── Dataset content

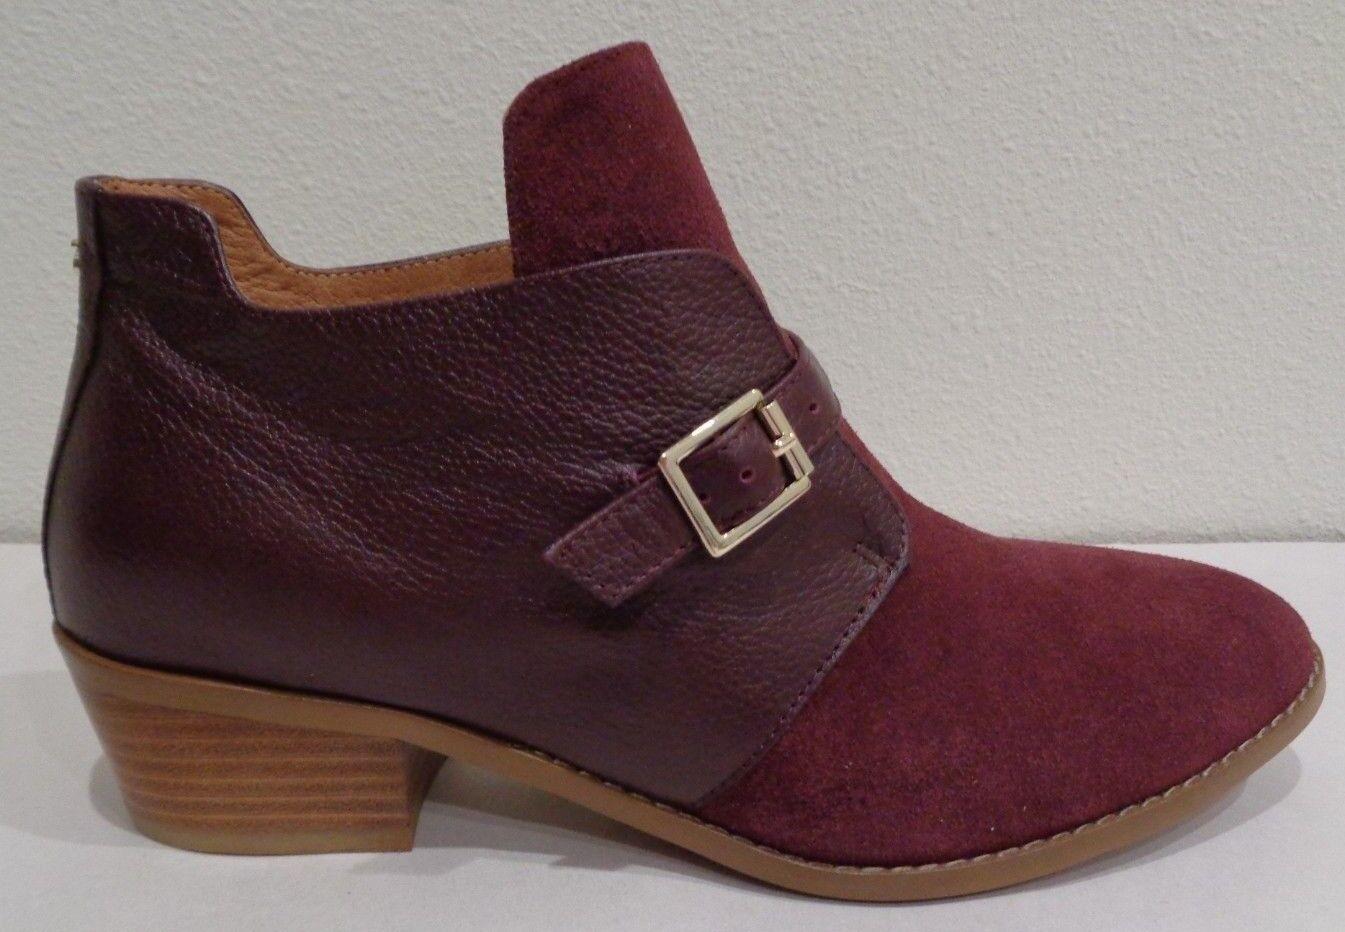 Yosi Samra Talla Talla Talla 8 Delancey Gamuza Cuero Puerto Leonado botas al Tobillo Zapatos para mujer Nuevo  punto de venta
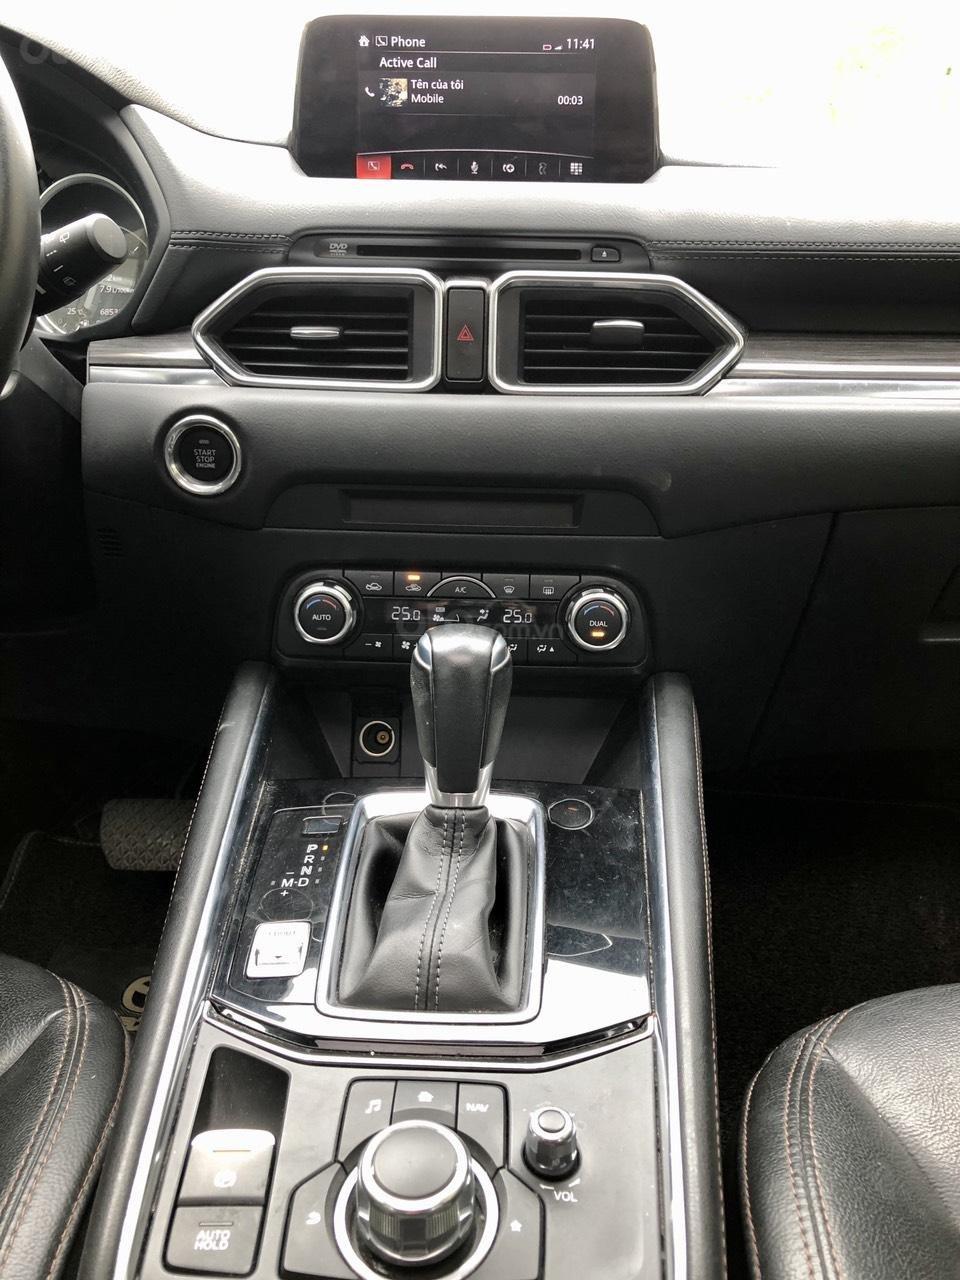 [Hot] bán nhanh Mazda CX5 2.5 đời 2018 màu trắng, xe 1 chủ từ đầu biển HN, xe đẹp không 1 lỗi nhỏ (13)
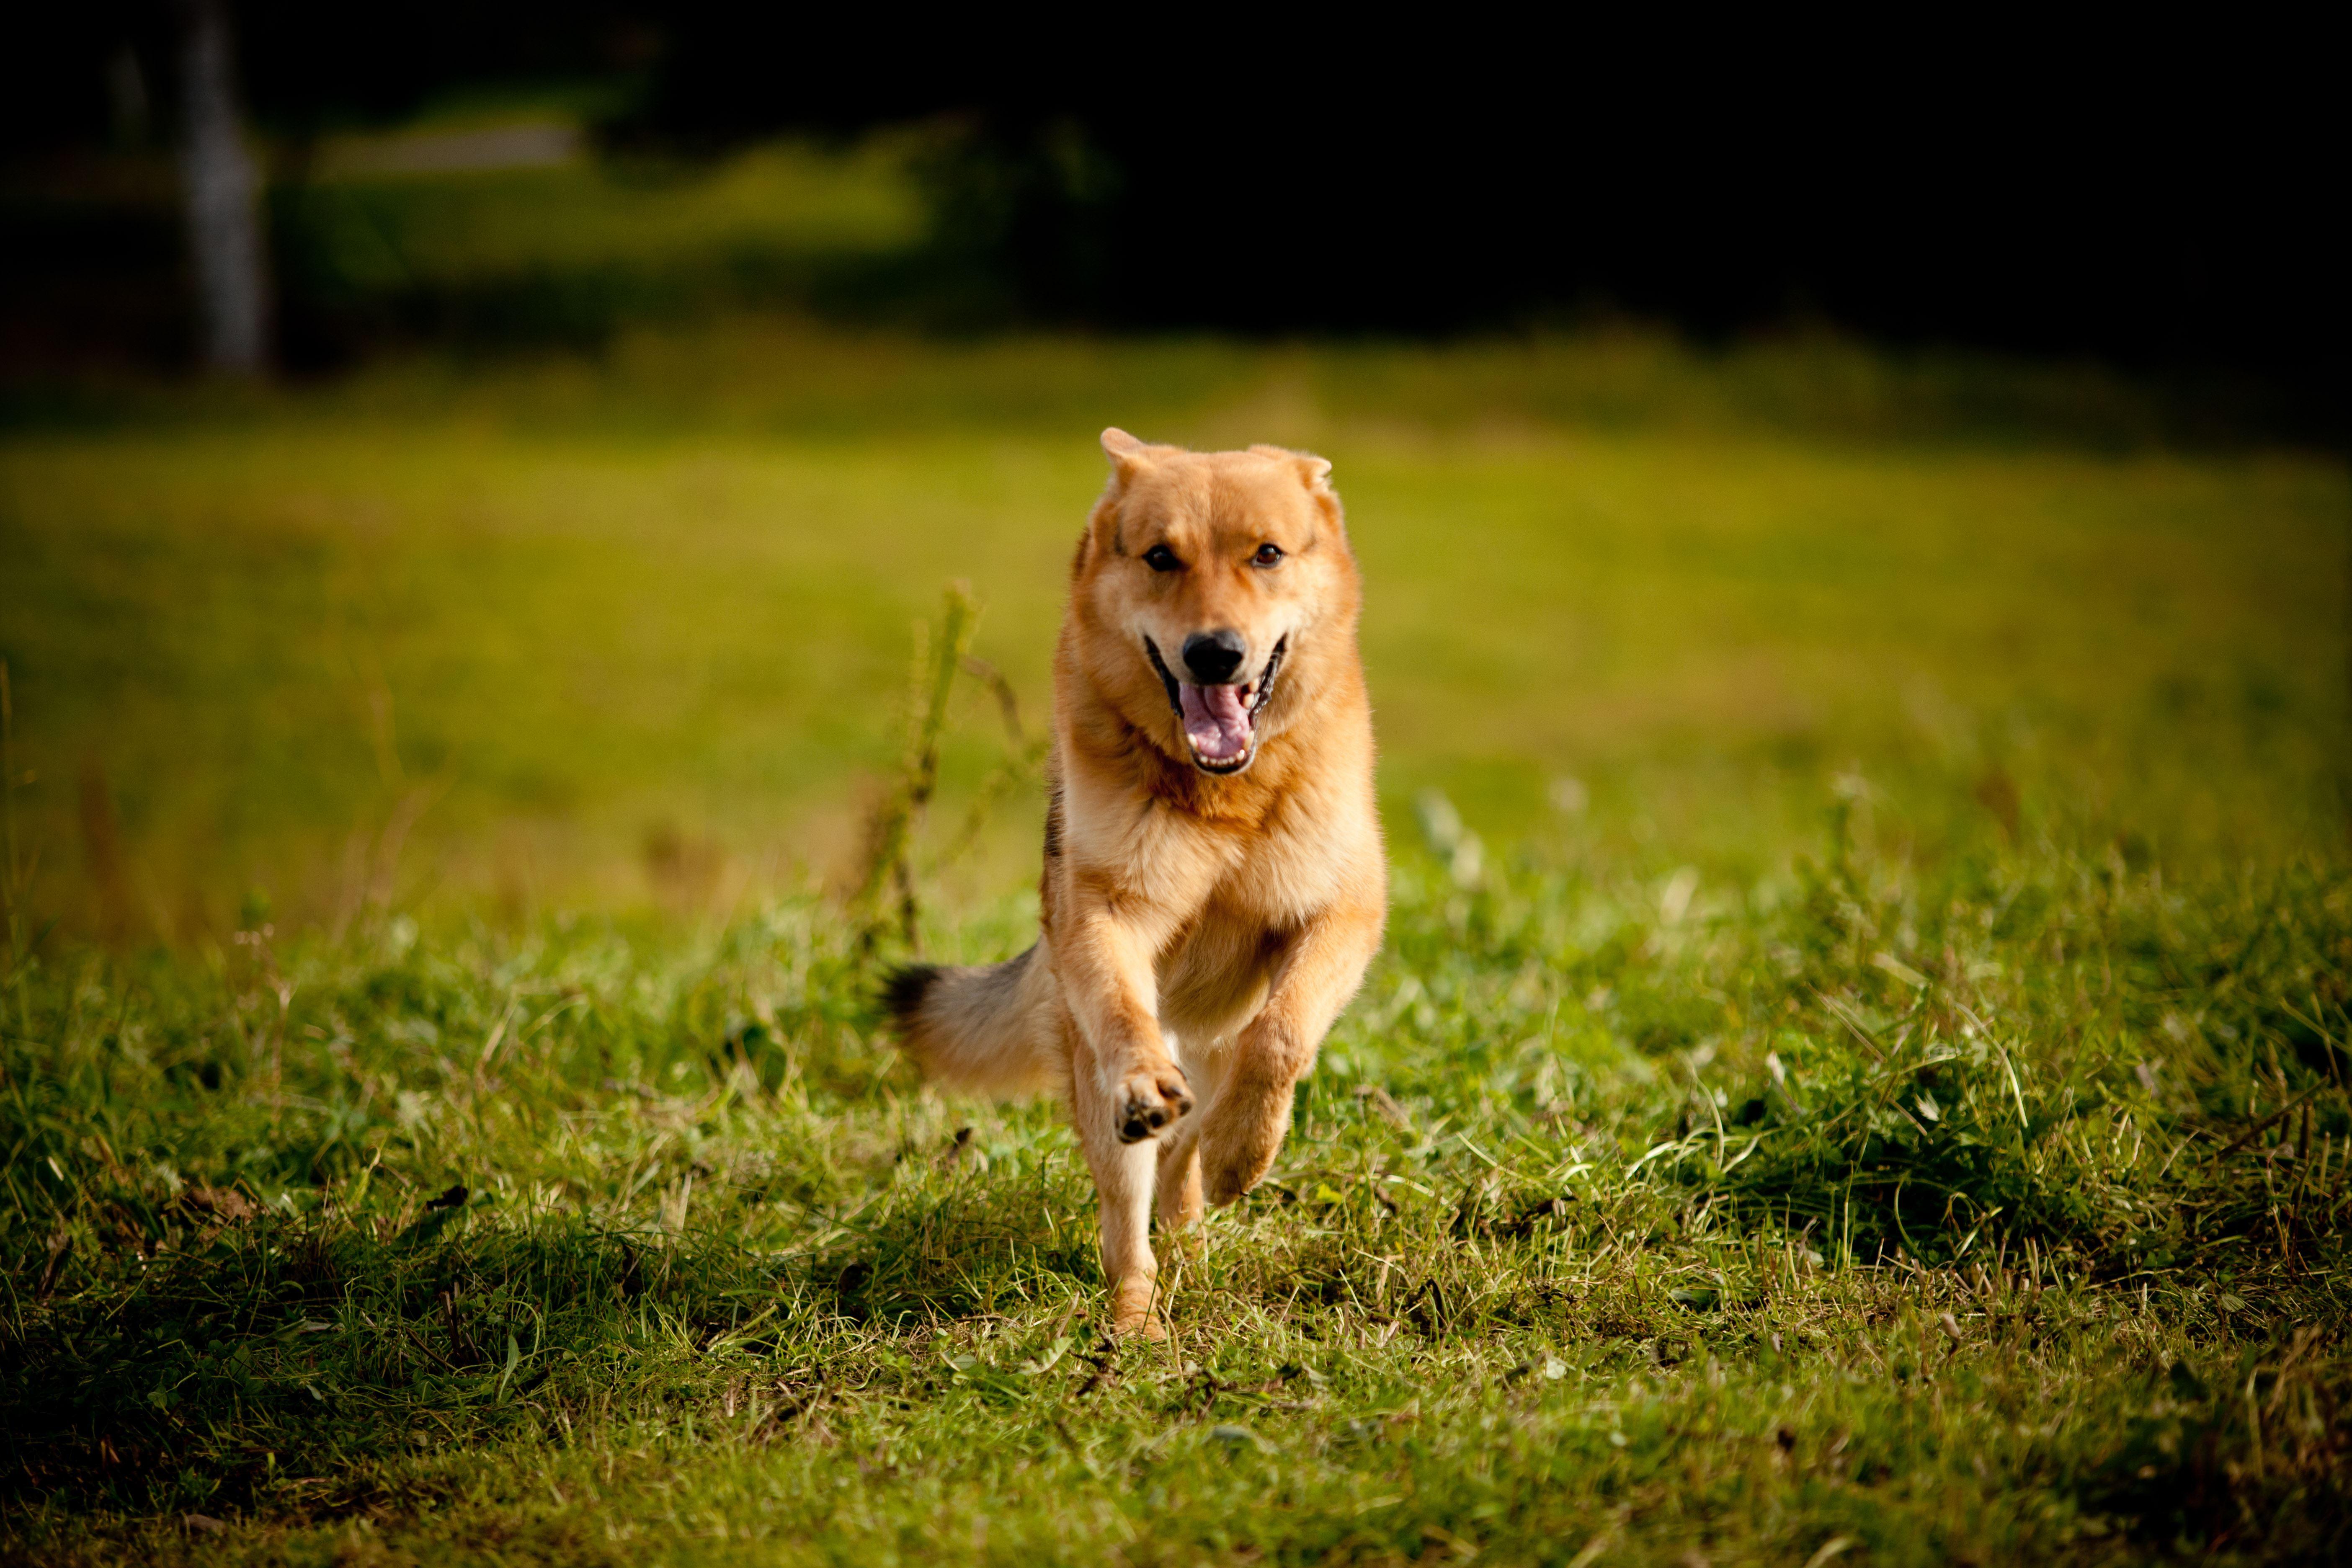 www.ricke.se,  © Malå kommun, Lydnadstävling hund - Malå brukshundsklubb

────

Problem statement => Reproduce the listing exactly, images omitted.

The answer =>
 Yosi Samra Talla Talla Talla 8 Delancey Gamuza Cuero Puerto Leonado botas al Tobillo Zapatos para mujer Nuevo  punto de venta
 [Hot] bán nhanh Mazda CX5 2.5 đời 2018 màu trắng, xe 1 chủ từ đầu biển HN, xe đẹp không 1 lỗi nhỏ (13)
 www.ricke.se,  © Malå kommun, Lydnadstävling hund - Malå brukshundsklubb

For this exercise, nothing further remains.